▶ [Data excerpt]:
--- START ---

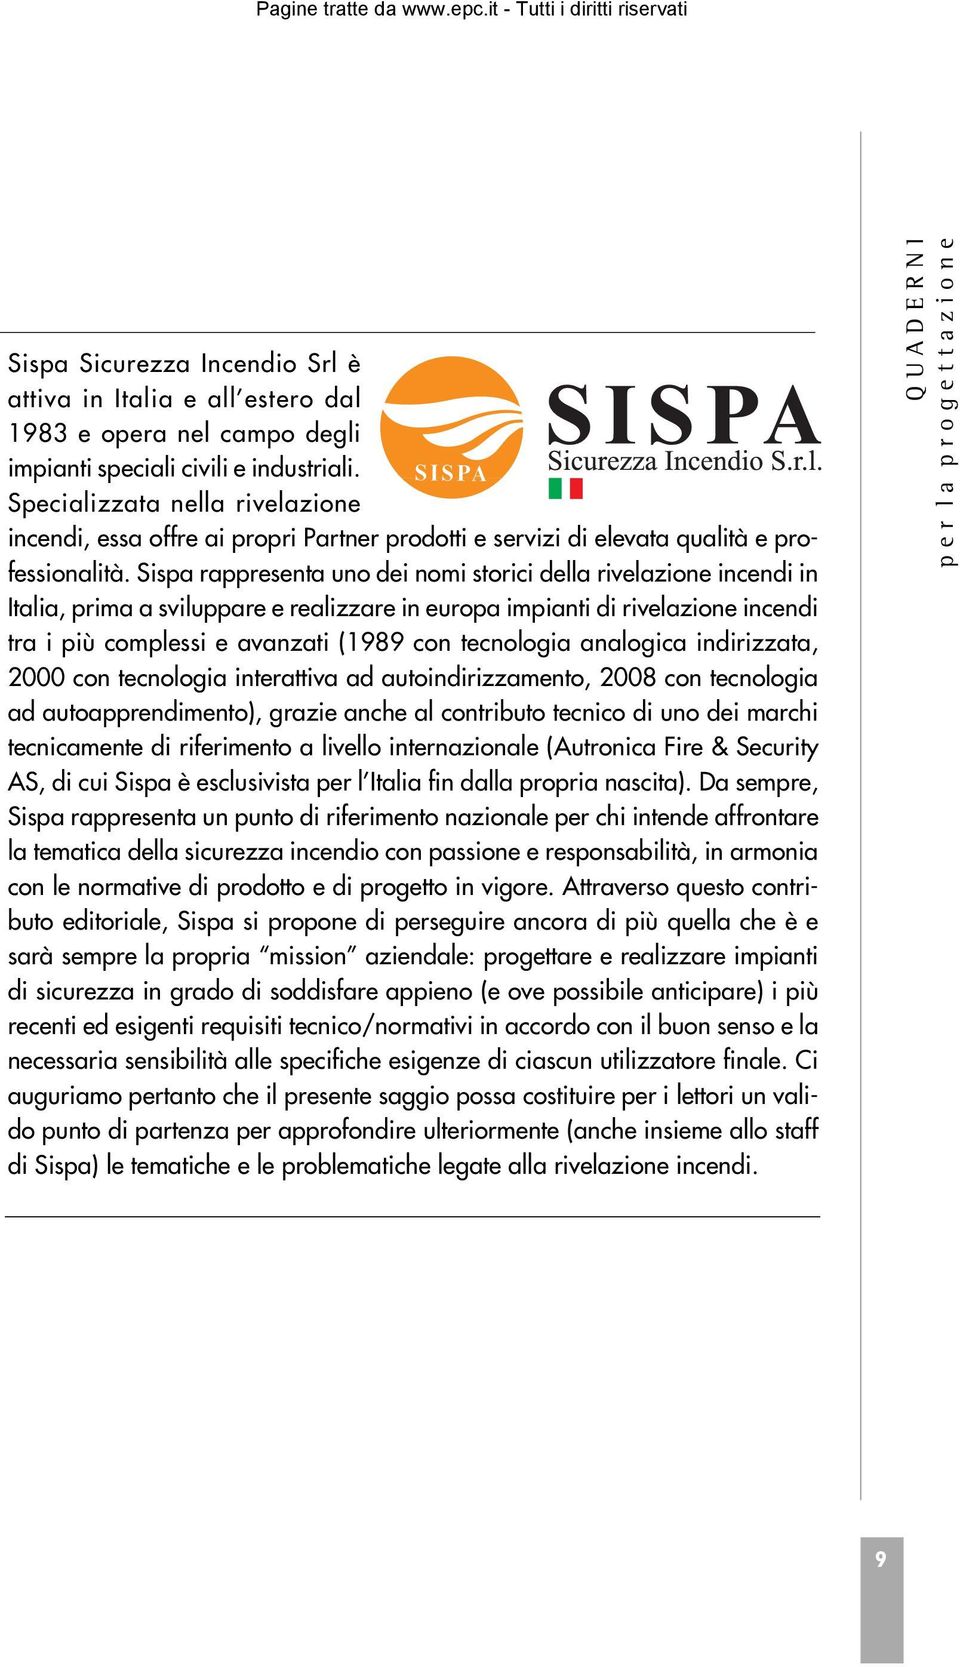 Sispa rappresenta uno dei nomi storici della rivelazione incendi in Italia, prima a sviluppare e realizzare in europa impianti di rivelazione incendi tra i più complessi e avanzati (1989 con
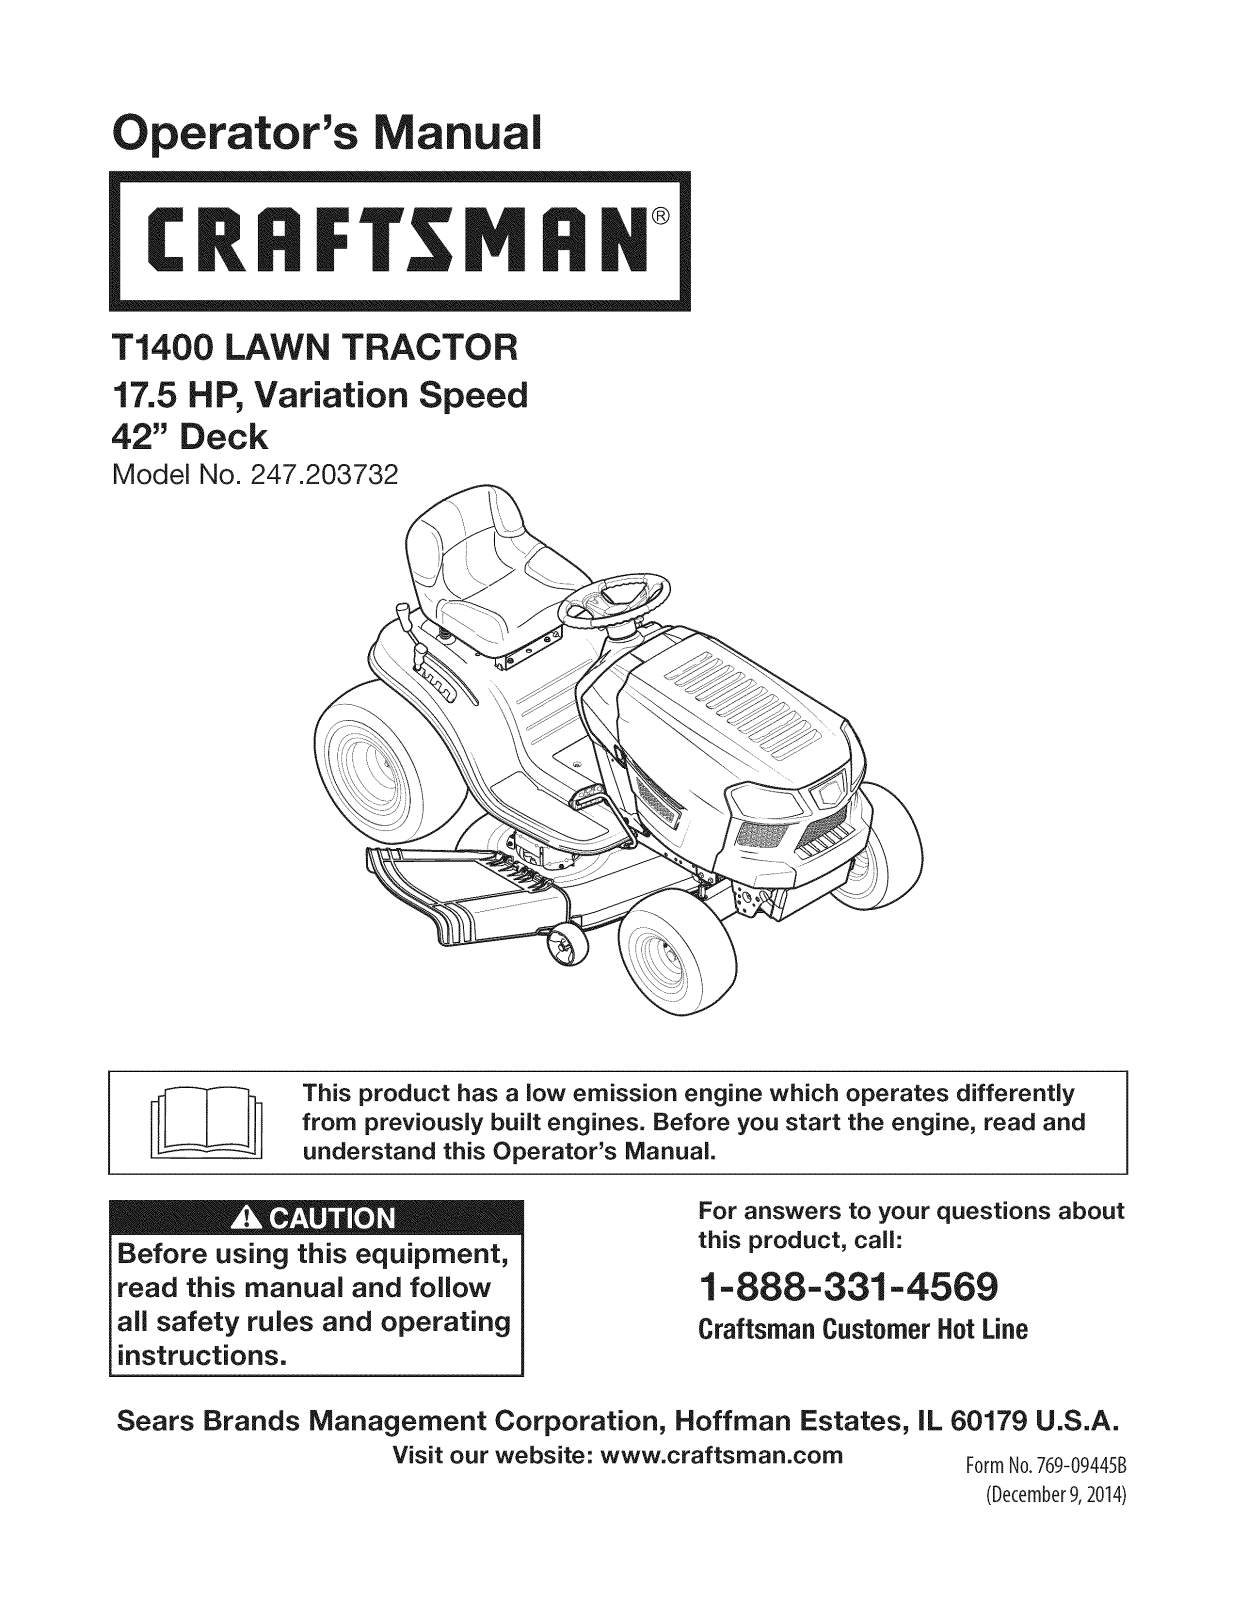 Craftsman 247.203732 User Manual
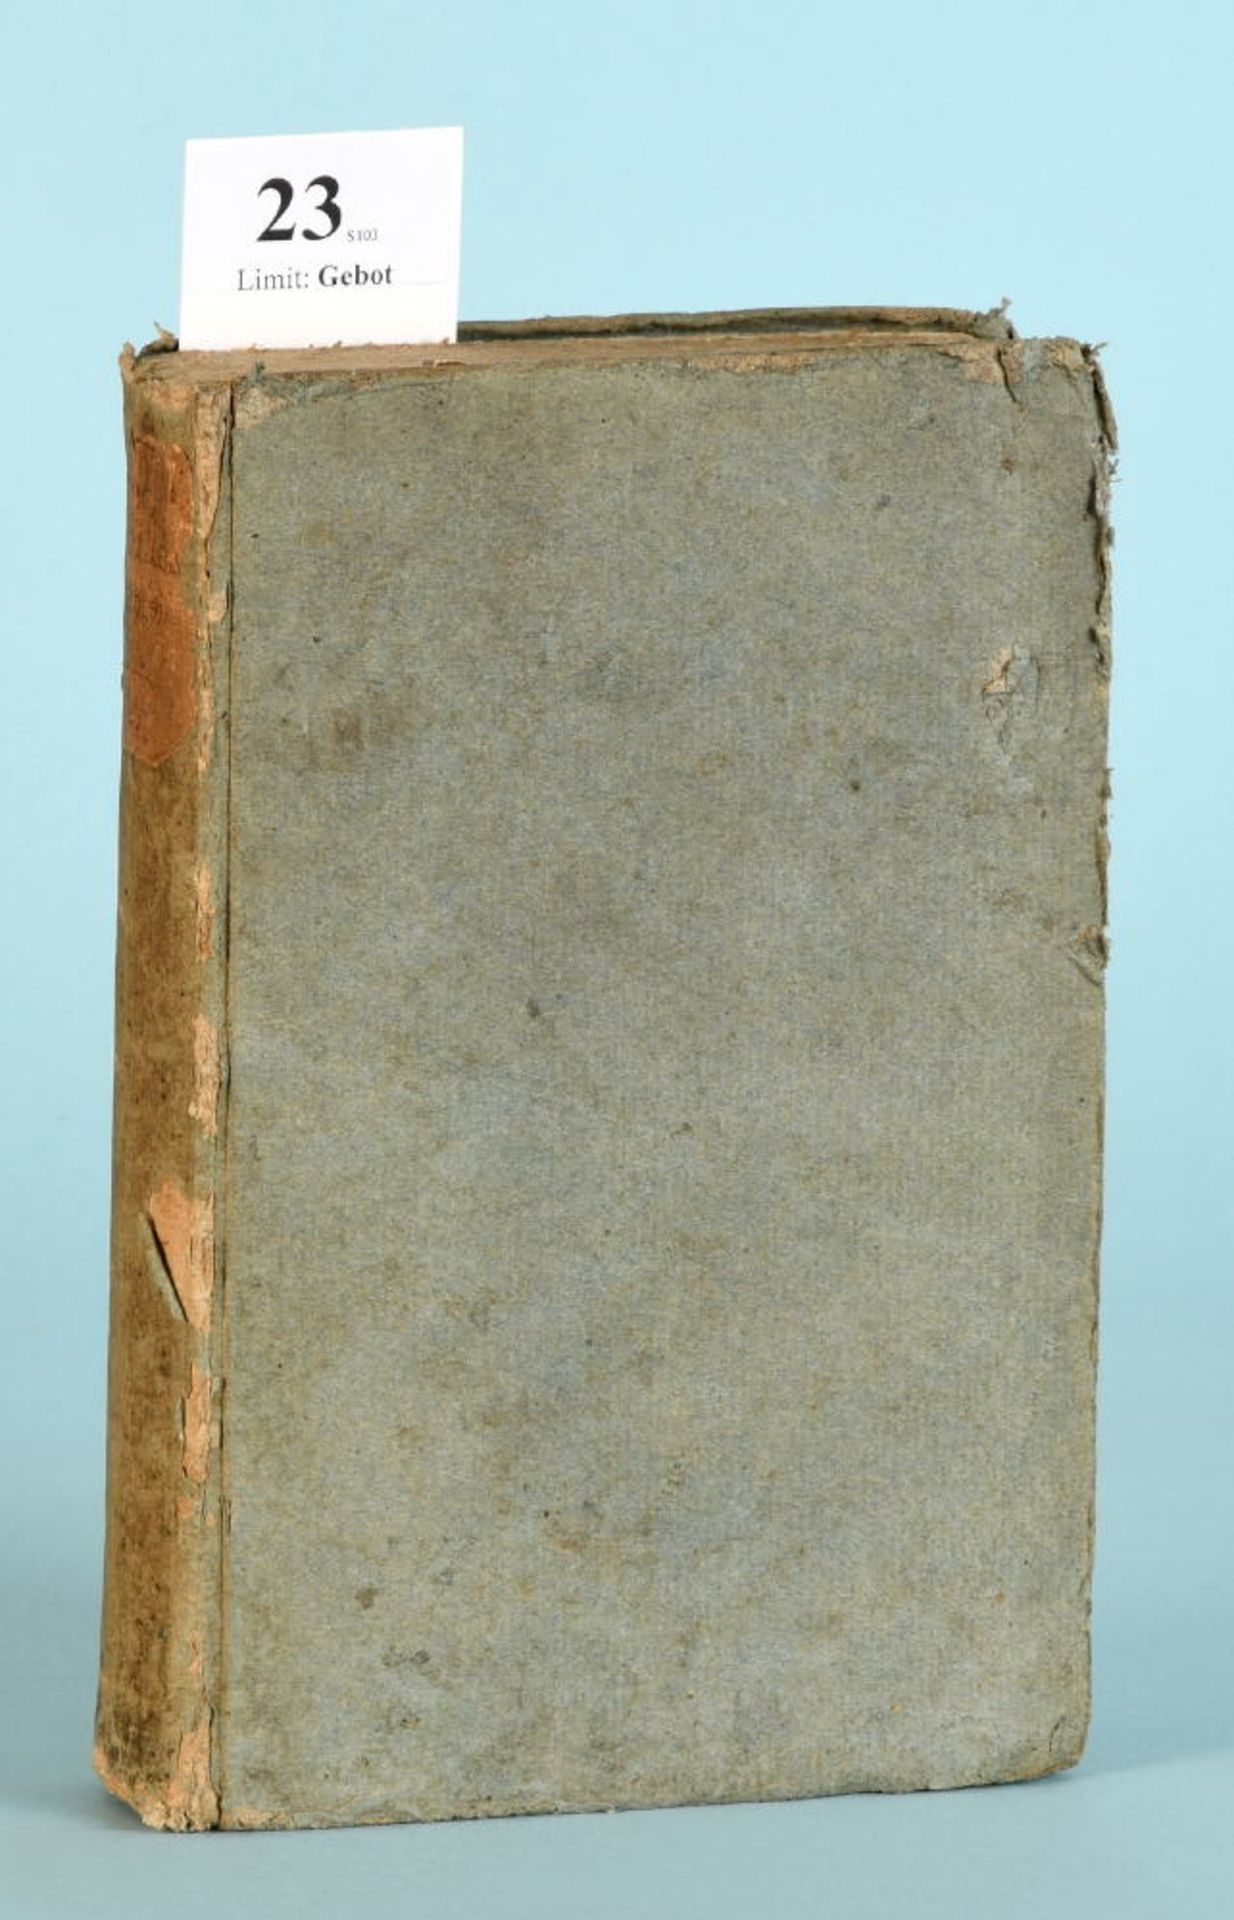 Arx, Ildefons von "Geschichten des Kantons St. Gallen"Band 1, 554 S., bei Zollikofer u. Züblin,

--- END ---

▶ [Task statement]:
Repeat the lines above exactly, and keep every picture out.

▶ [Answer to the exercise]:
 Sispa rappresenta uno dei nomi storici della rivelazione incendi in Italia, prima a sviluppare e realizzare in europa impianti di rivelazione incendi tra i più complessi e avanzati (1989 con
 Craftsman 247.203732 User Manual
 Arx, Ildefons von "Geschichten des Kantons St. Gallen"Band 1, 554 S., bei Zollikofer u. Züblin,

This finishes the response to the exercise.